▽

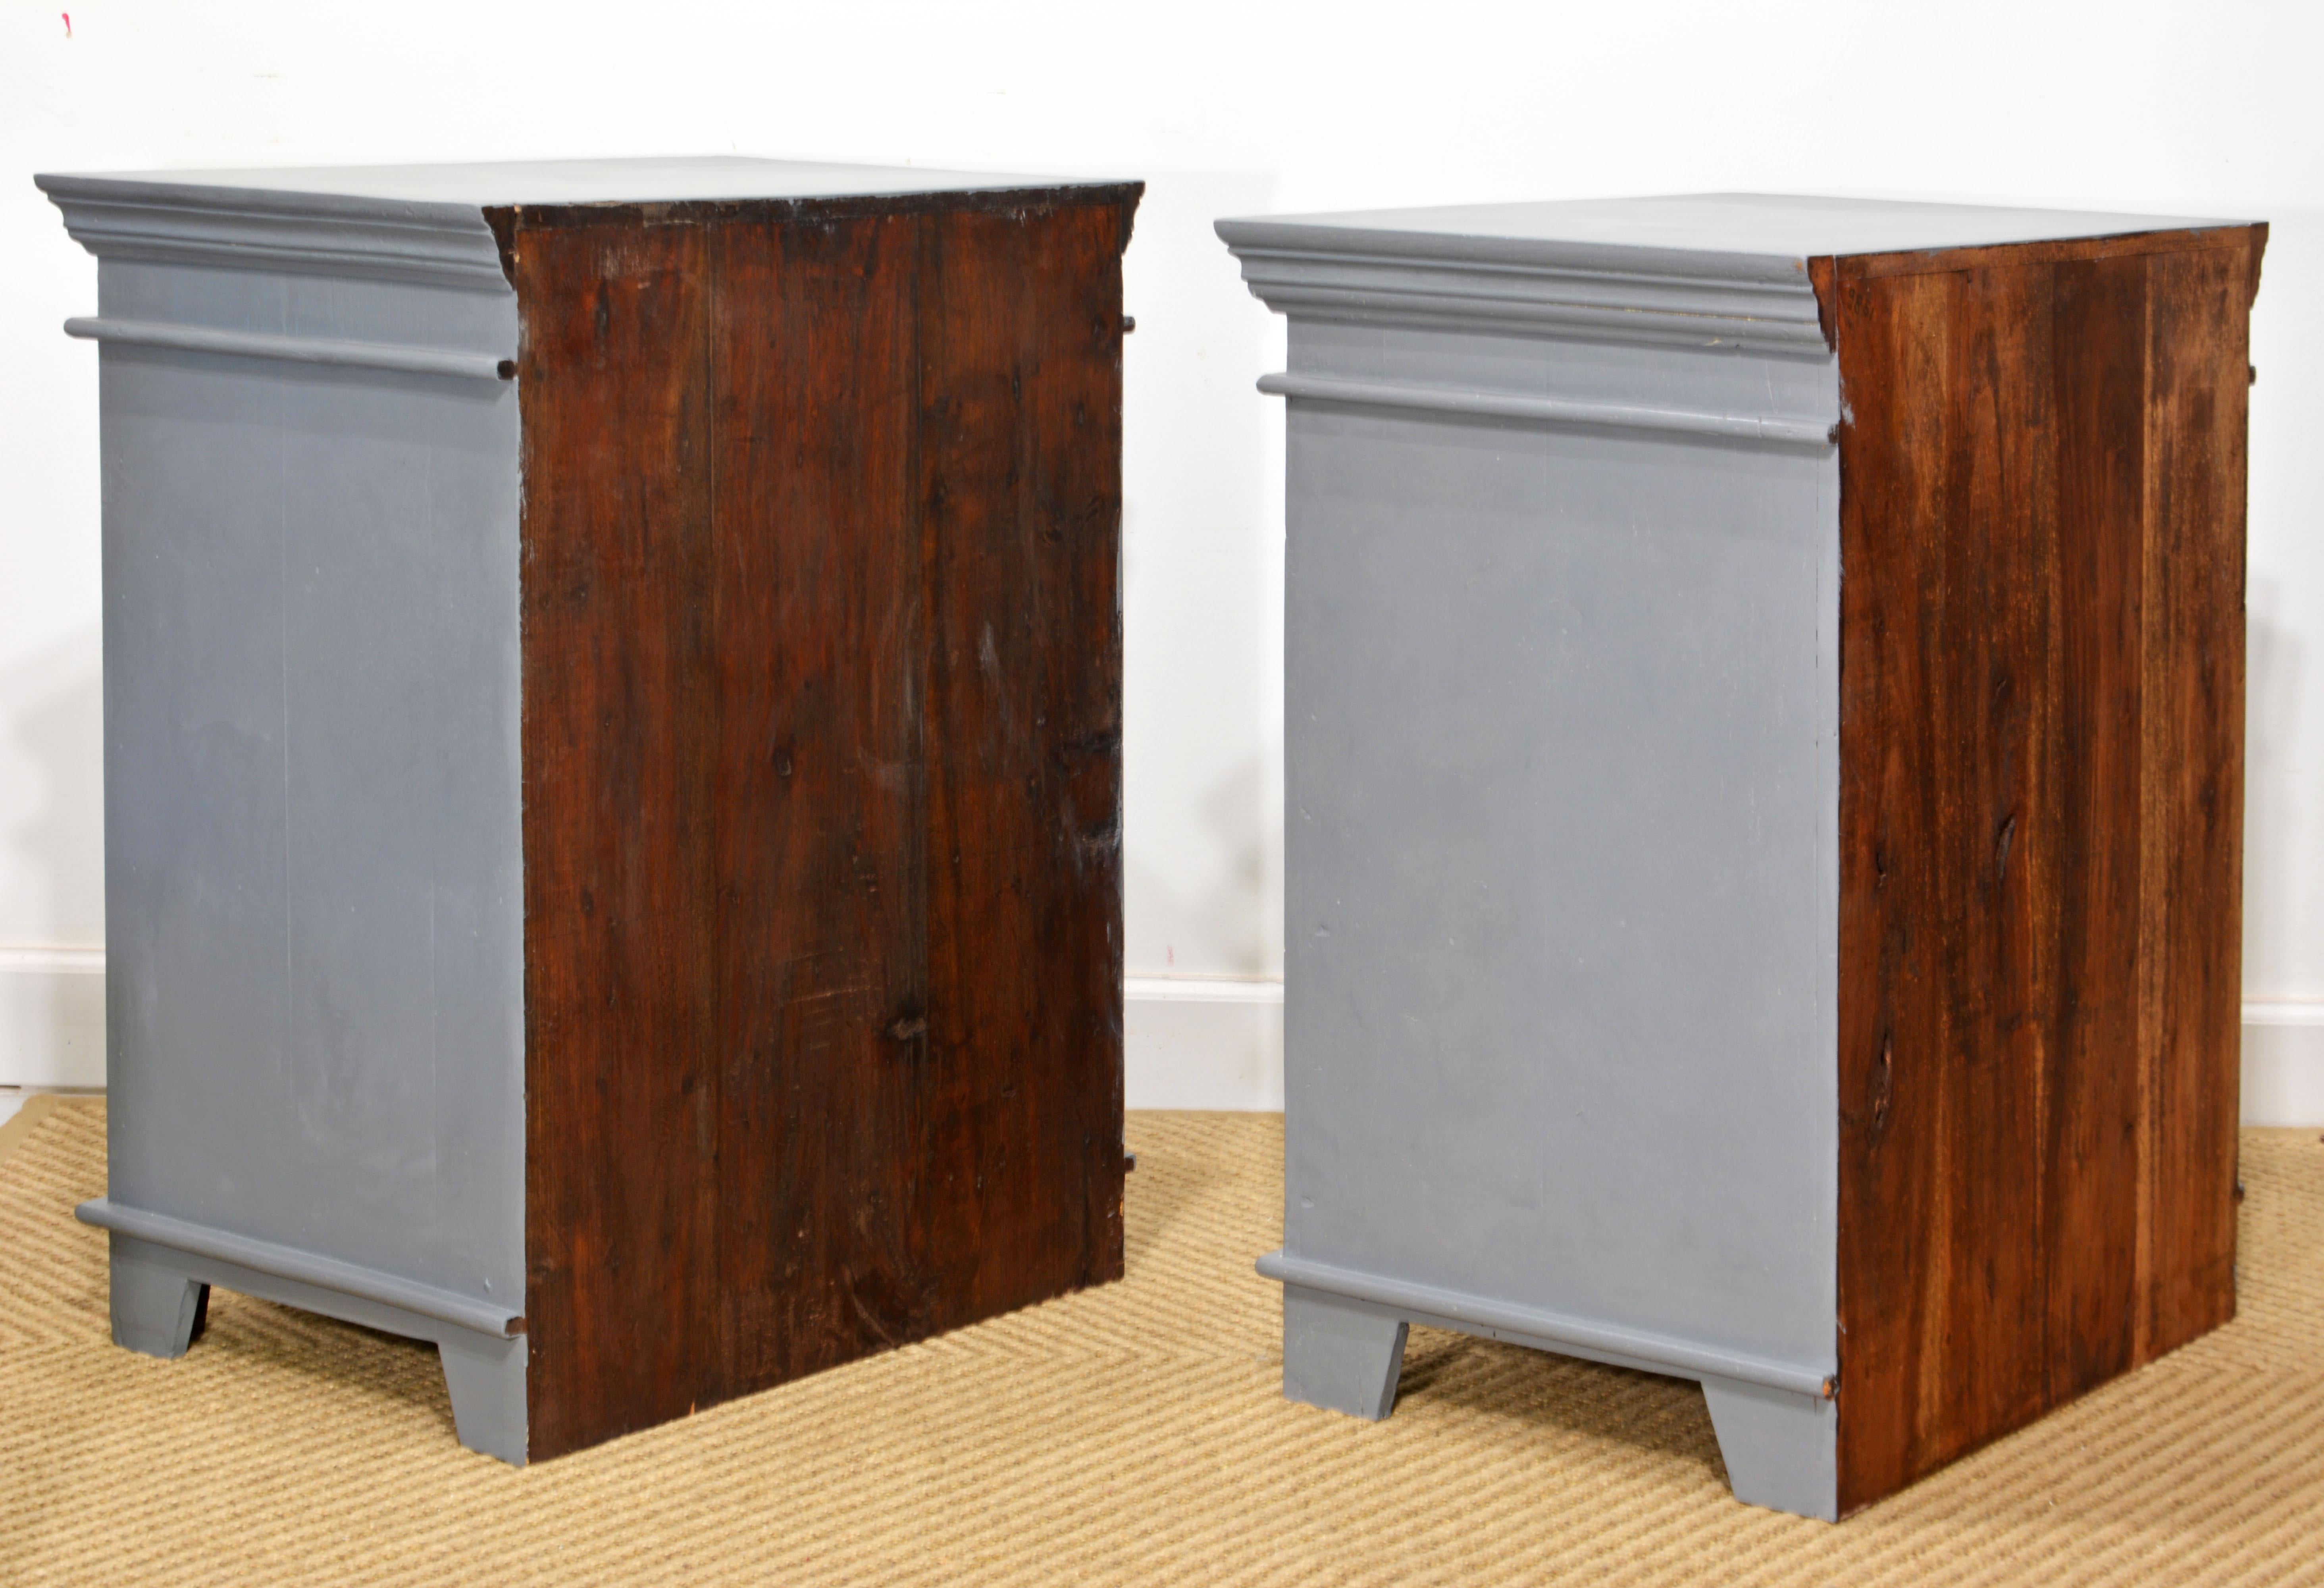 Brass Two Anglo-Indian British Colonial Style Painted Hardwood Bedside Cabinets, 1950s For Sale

△
▽

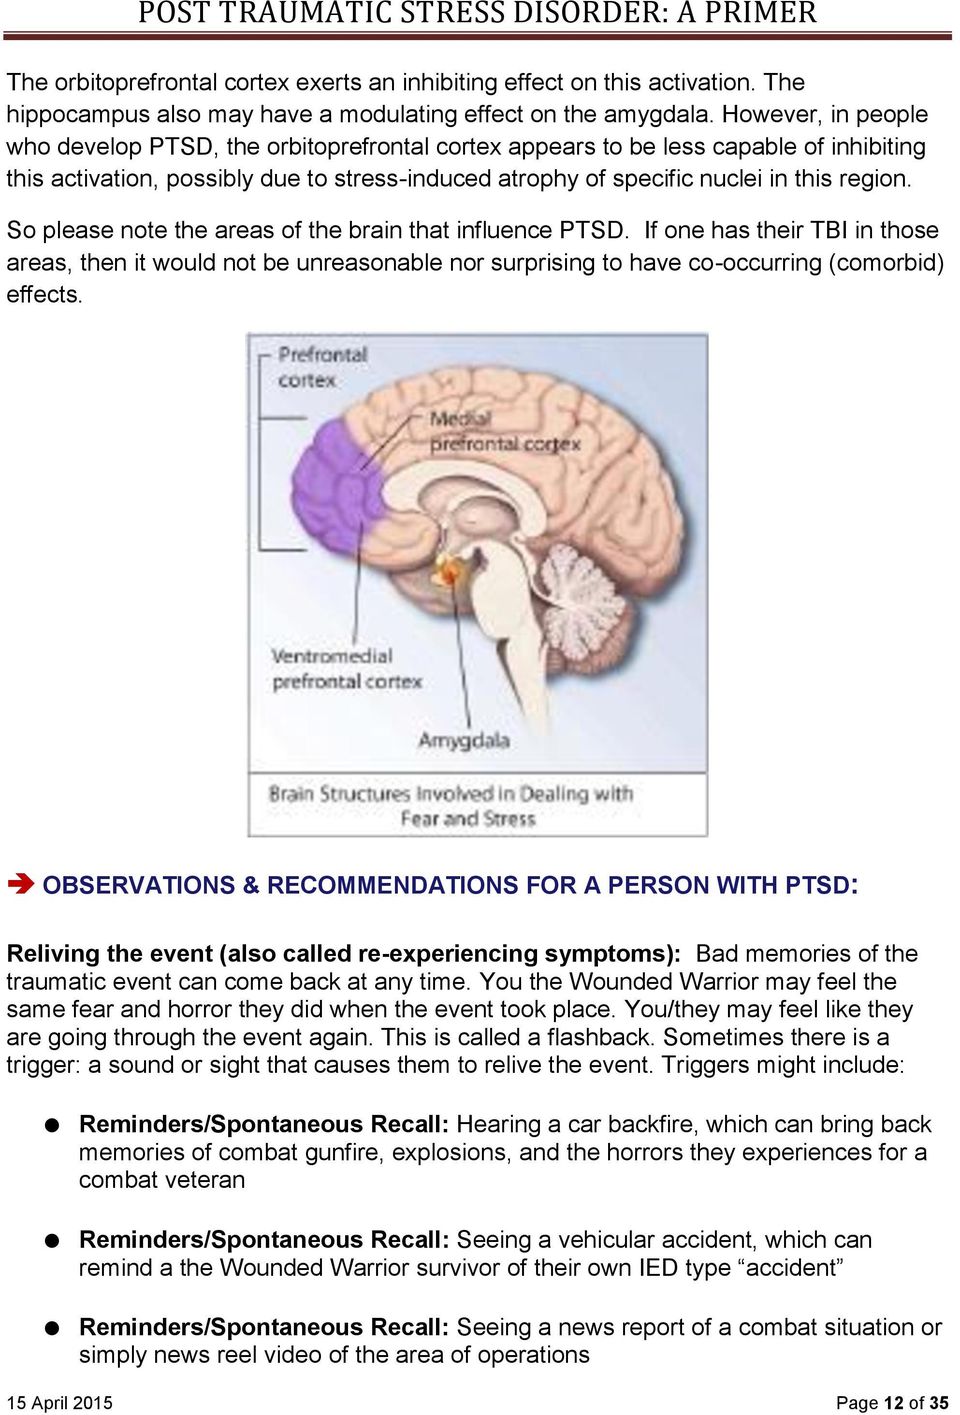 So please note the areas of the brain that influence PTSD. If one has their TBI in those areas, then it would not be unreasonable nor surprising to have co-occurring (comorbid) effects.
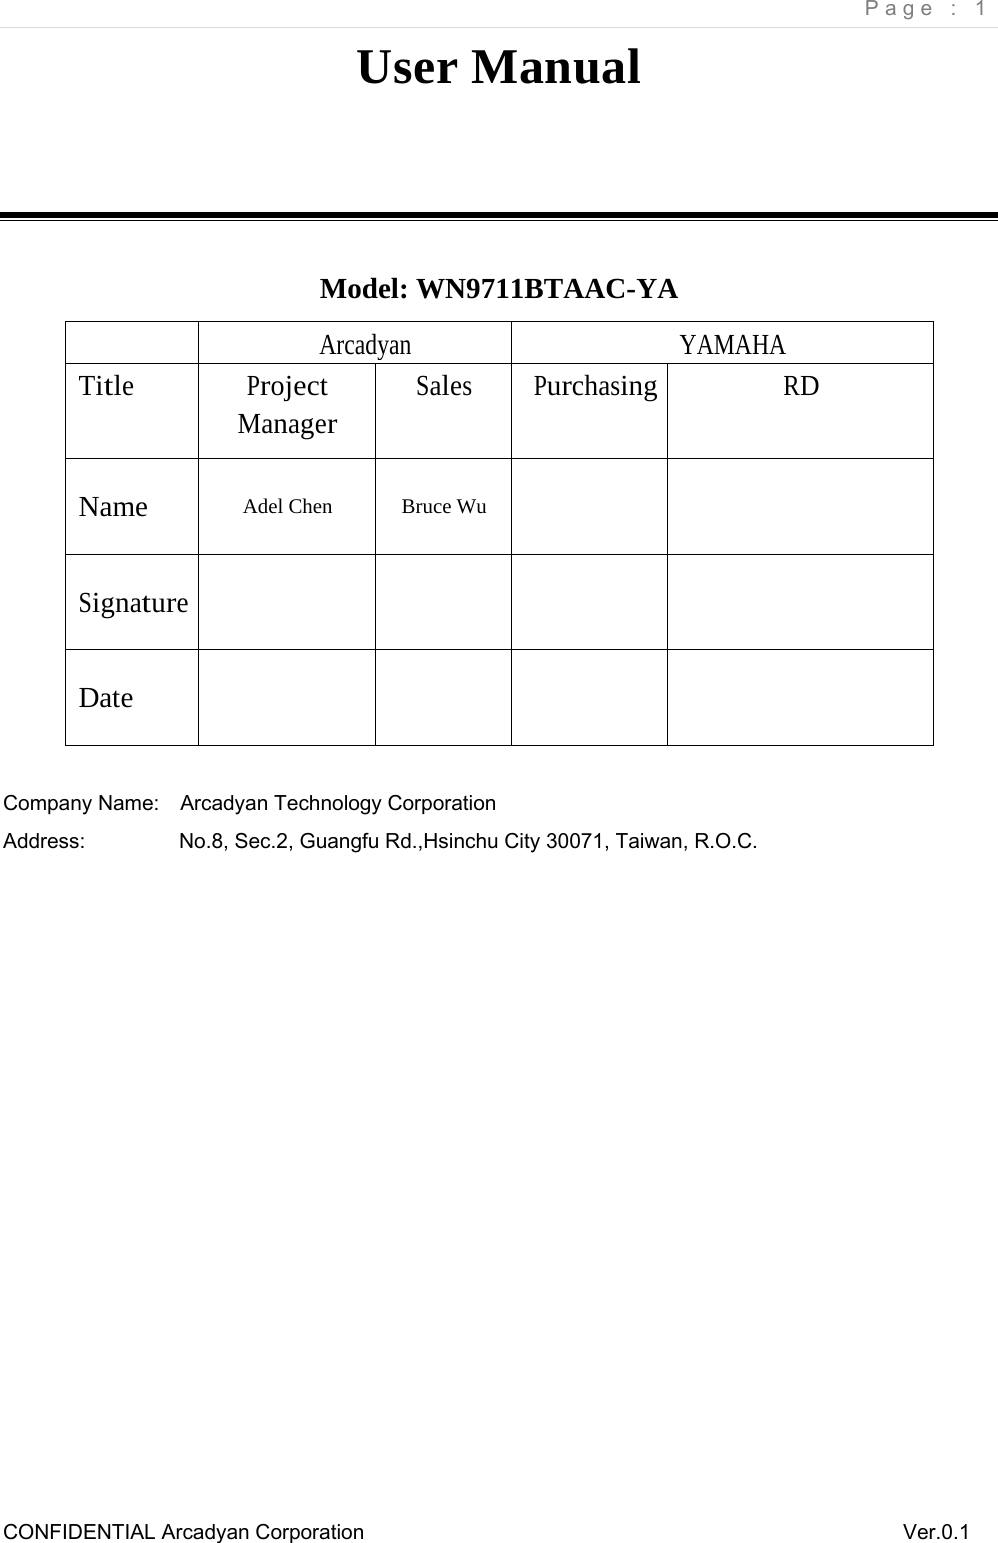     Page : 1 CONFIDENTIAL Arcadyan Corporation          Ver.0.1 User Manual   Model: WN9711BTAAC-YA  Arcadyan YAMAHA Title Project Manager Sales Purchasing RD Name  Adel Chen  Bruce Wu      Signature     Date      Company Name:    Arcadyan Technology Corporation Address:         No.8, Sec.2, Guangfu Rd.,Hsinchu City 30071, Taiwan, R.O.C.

△

## Task item
The copy should hold only the lines from the one with "So please note" through the one with "Page : 1 CONFIDENTIAL", exactly as they stand above. Leave out the pictures.

## Task result
 So please note the areas of the brain that influence PTSD. If one has their TBI in those areas, then it would not be unreasonable nor surprising to have co-occurring (comorbid) effects.
     Page : 1 CONFIDENTIAL Arcadyan Corporation          Ver.0.1 User Manual   Model: WN9711BTAAC-YA  Arcadyan YAMAHA Title Project Manager Sales Purchasing RD Name  Adel Chen  Bruce Wu      Signature     Date      Company Name:    Arcadyan Technology Corporation Address:         No.8, Sec.2, Guangfu Rd.,Hsinchu City 30071, Taiwan, R.O.C.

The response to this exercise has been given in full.